The National Planning Commission (NPC) and experts have said putting in place deliberate policies to ensure that maize and groundnuts output is predictable can grow the country’s gross domestic product (GDP).
The NPC and experts’ observations come from a study NPC conducted recently through its Malawi Priorities Project supported by the African Institute for Development Policy (Afidep).
The study identified maize and groundnuts as high-value crops with the potential for export growth.
The study also found that by lifting the maize export ban, the economy could annually gain K61 billion, representing one percent GDP from the crop while K6.3 billion is projected from groundnuts, representing 0.5 percent of GDP.
Speaking on Thursday in Lilongwe during a panel discussion on how to create wealth through maize and groundnuts exports in Malawi, NPC director general Thomas Chataghalala Munthali noted that government has limited export crops, but maize which continues to be restricted has market potential with high demand in Africa.
He said maize and groundnuts production are commonly championed by smallholder farmers; hence, removing restrictions will economically benefit small-scale farmers and achieve national inclusive wealth creation.
Said Munthali: “The good thing is that Malawians heavily produce maize, including groundnuts and by lifting the export ban, you attract private sector participation.
“Our studies show that if we focus on alternative crops other than tobacco, maize and groundnuts are coming out as some of those crops. If we remove restrictions on maize and give freedom to farmers to produce and sell, the benefits are enormous.”
He said the Malawi 2063, the country’s long-term development plan, has agriculture productivity and commercialisation as key pillars; hence, the NPC is working to provide evidence-based policy and plans.
A representative of the private sector investors in the agriculture sector, Pyxus Agriculture managing director Ronald Ngwira advised government to depoliticise maize to make its production and marketing predictable by removing restrictions for economic benefits.
On his part, AHL Group operation executive Davis Manyenje and Agricultural Commodity Exchange for Africa chief executive officer Christian Moller agreed that Malawi can benefit from food deficits of countries in the region to export maize and groundnuts.

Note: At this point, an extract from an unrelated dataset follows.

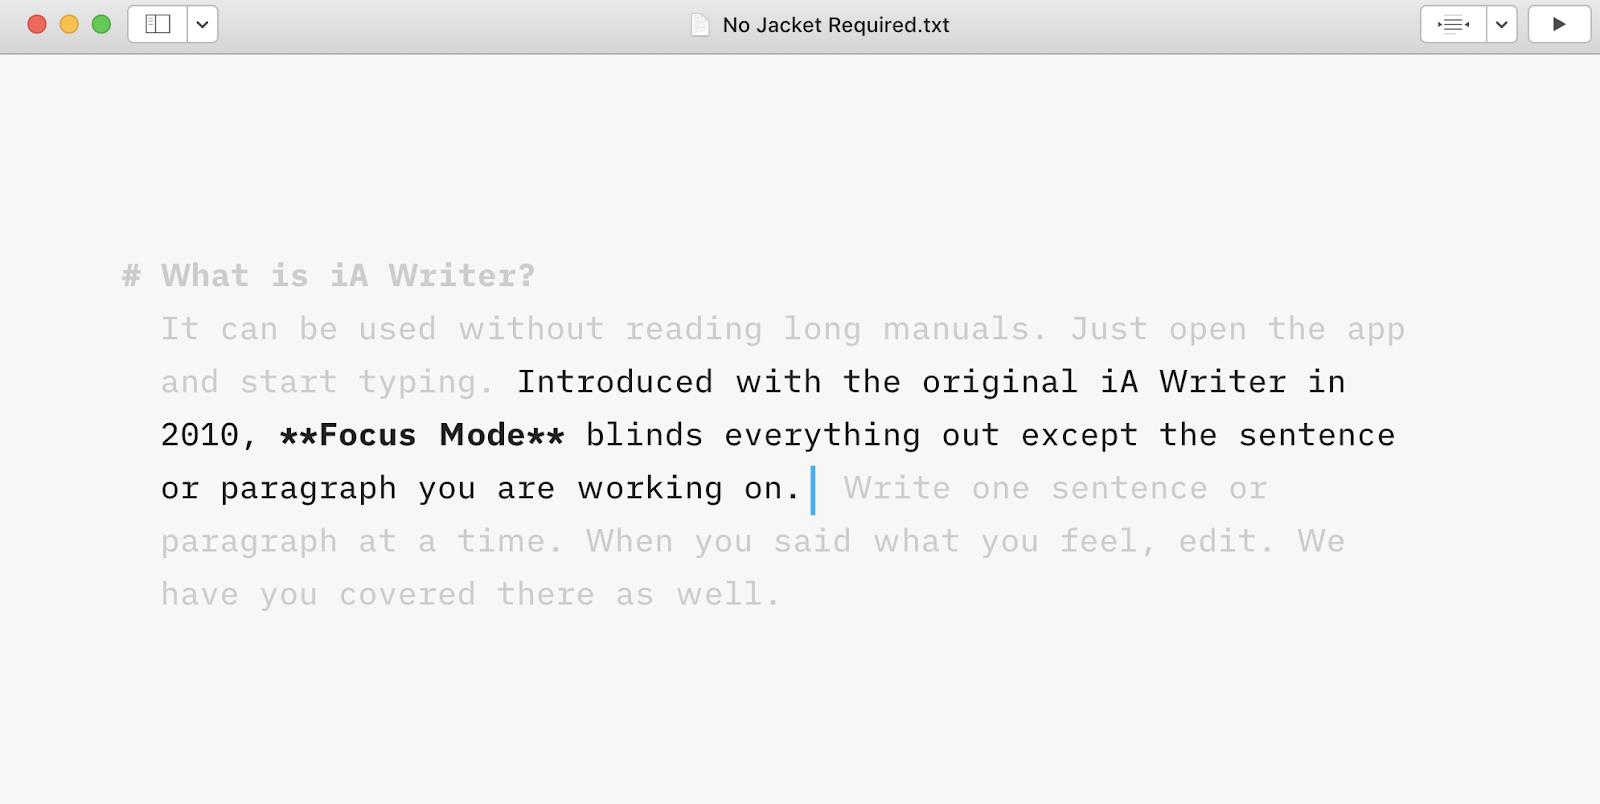 Screenshot of iA writer app interface
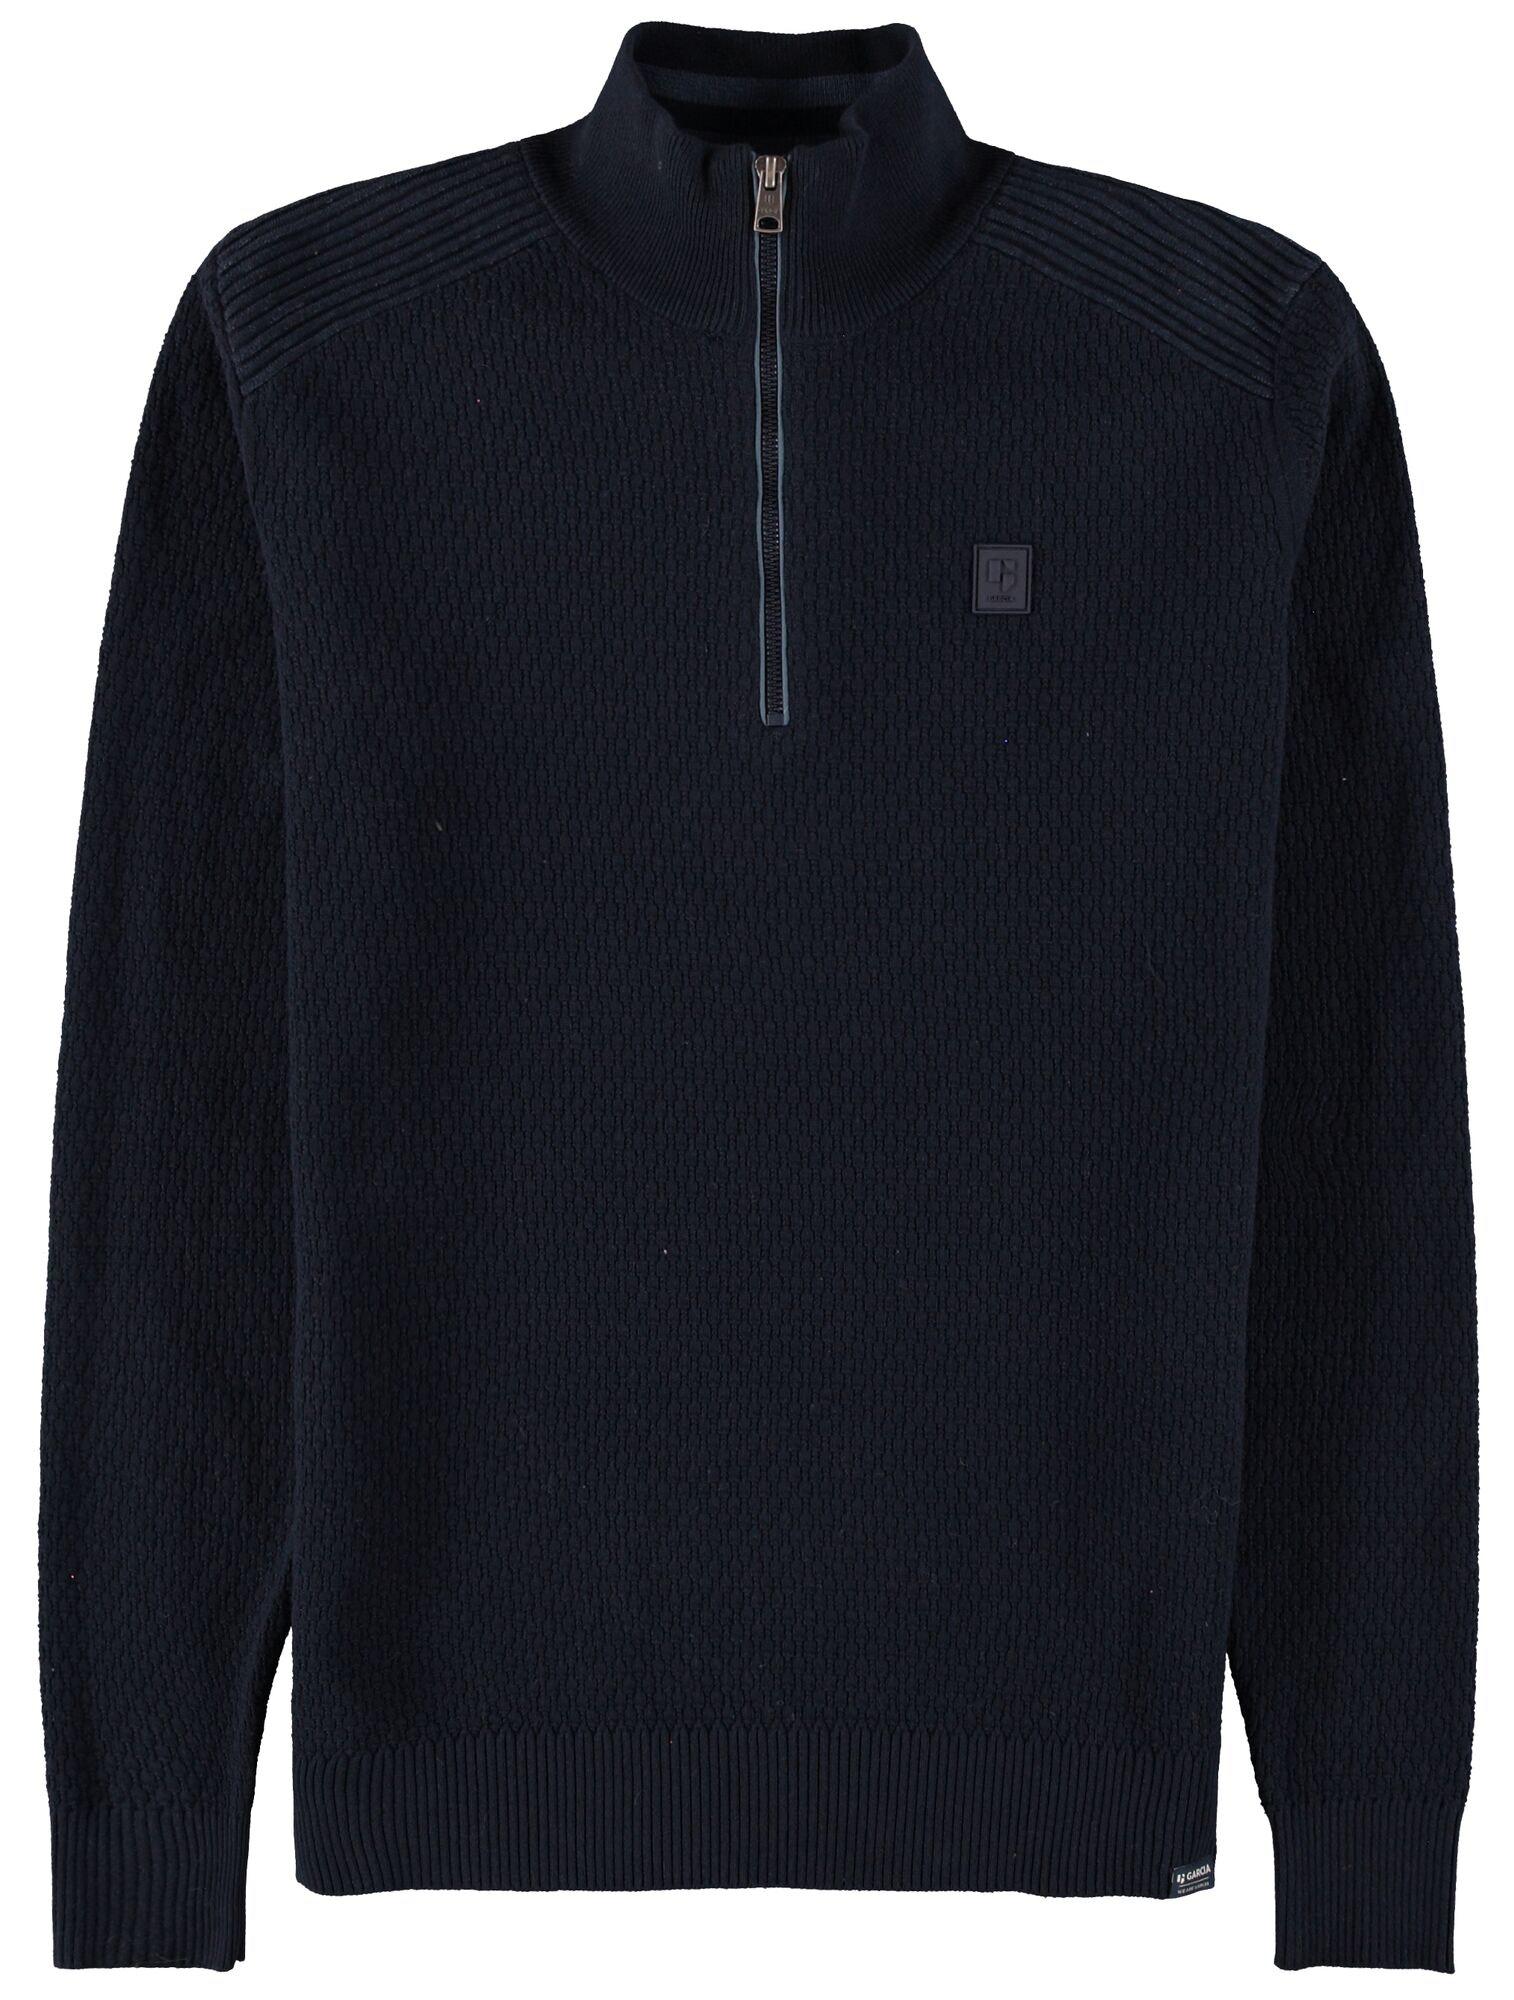 T01241_men`s pullover

On his part, Agriculture Commercialisation project national coordinator Ted Nakhumwa said the country can leverage on cooperatives the Agcom is working with to produce in bulk given ready maize markets.
Ministry of Trade Principal Secretary Christina Zakeyo said government will from time to time review the policy on maize through the domestic food balance sheet assessment to ensure the balance between national food needs and export demands.